I should thank her. If we continue like this, no one will even have the slightest chance of getting to me.
And damn, she’s good–– so stealthy, like a shade blending with the night, like any other tourist in the day—inconspicuous.
“Admit it. You have a soft spot for me.” I challenge her just to see that flush covering her neck and face.
Her pouty, heart-shaped mouth flattens while the tip of her nose crinkles.
She’s so adorable when I piss her off, those silver gems narrowing on me sharp as a diamond cutter.
Swiftly, her hand shifts toward her back.
Grabbing her gun, she points it at my chest, the muzzle pressing into my jacket.
I smirk. “A Glock 19. My choice of gun too.”
She digs the muzzle even further into my chest. Will she?
Won’t she? I don’t think it makes much of a difference.
I want her. We could spend our time together in more enjoyable ways, like making her beg for my cock.
Whatever happens between us, I doubt I can kill her.
Call it stupidity, but my gut tells me she won’t do it. She feels this strange connection too.
“Yeah, a soft spot to bury you under,” she sasses me.
Her teases are hot as hell and just as sinful.
“I am flattered you’d take such good care of me, even dead.”
“You’re not taking this seriously,” she huffs, her finger firmly planted on the trigger but not pressing down.
In one rapid move, I fist my hand in her ponytail, pulling her head back. One inch separates me from diving into her mouth and getting lost to madness forever. I bet she tastes like my perdition—sweet but deadly.
“Luciana, we both know you can’t do it, so let’s stop wasting time and move to more pleasurable activities.”
She licks her lips, and then she pulls the trigger.
She fucking pulls the trigger.
The pop rings in my ears, deafening me. I stumble back, gasping, the shot stealing my breath even though I am still standing.
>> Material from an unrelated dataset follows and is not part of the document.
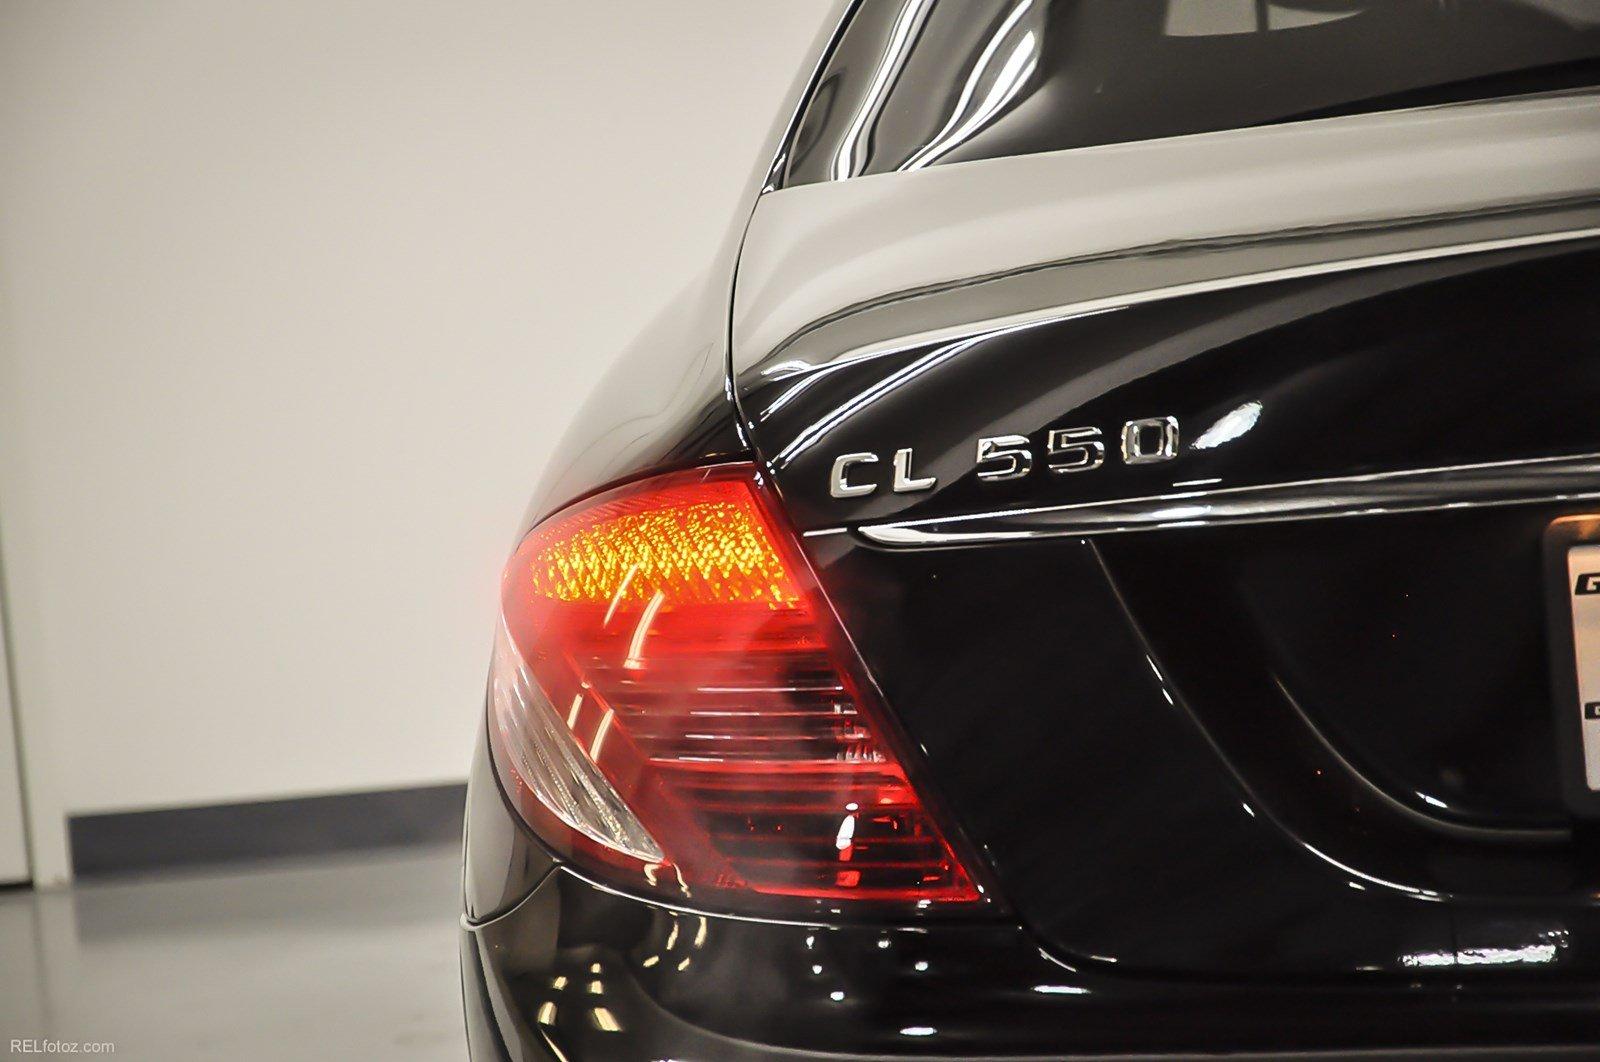 Used 2010 Mercedes-Benz CL-Class CL 550 for sale Sold at Gravity Autos Marietta in Marietta GA 30060 6

Adrenaline floods my body. My heart pumps an erratic beat. My mind can’t process whether I’m alive or already fading.
I look down. No blood. No hole.
The bullet didn’t make it through. It falls to the ground at my feet, flattened, the last wisps of smoke dancing in the air before vanishing.
Her smile turns into a full smirk. “What was that?”
Too stunned to form words and relieved I am still alive, I barely register when she bends at her waist to pick up the bullet. I think I am in love.
Grabbing my hand, she slaps the bullet down, the implications clear. But all I focus on is that she had yet another chance to kill me but didn’t follow through.
The biggest grin arches the corners of my mouth. She knew I was wearing the jacket. She was by the window of my tailor when I showed it to her and winked, yet she shot me in the place where my lapels meet and not above to be lethal.
“Don’t be so self-assured, Enzo. Keep it as a reminder that you won’t know when your last moment comes, just that it will.”
She struts away, and I can’t let her have the last word, so I say to her back, “Same time tomorrow?”
She mumbles under her breath something that sounds like “impossible” before she puts her helmet on and climbs back on her bike. The engine roars to life and as she drives away, her departure echoes in my hollow heart.
I roll the bullet between my fingers before sliding it into my suit jacket pocket.
She shot me, and I am unfazed, holding on to my belief that she did it more for show than wanting to kill me. It’s right here and now I don’t have a doubt anymore. I am certain I have lost my mind.
As I head to my car, I am buzzing. The energy coursing through me rewires my system. I feel more alive than ever before.
When my best friend calls me, I put it on speaker, barely suppressing my excitement.
I hear his molars grinding. “Should I worry about your mental health?”
“I know what I am doing,” I grumble.
“I saw it live on the fucking cameras. You know the ones we installed to watch who the fuck comes in and out of Reno?” he snaps.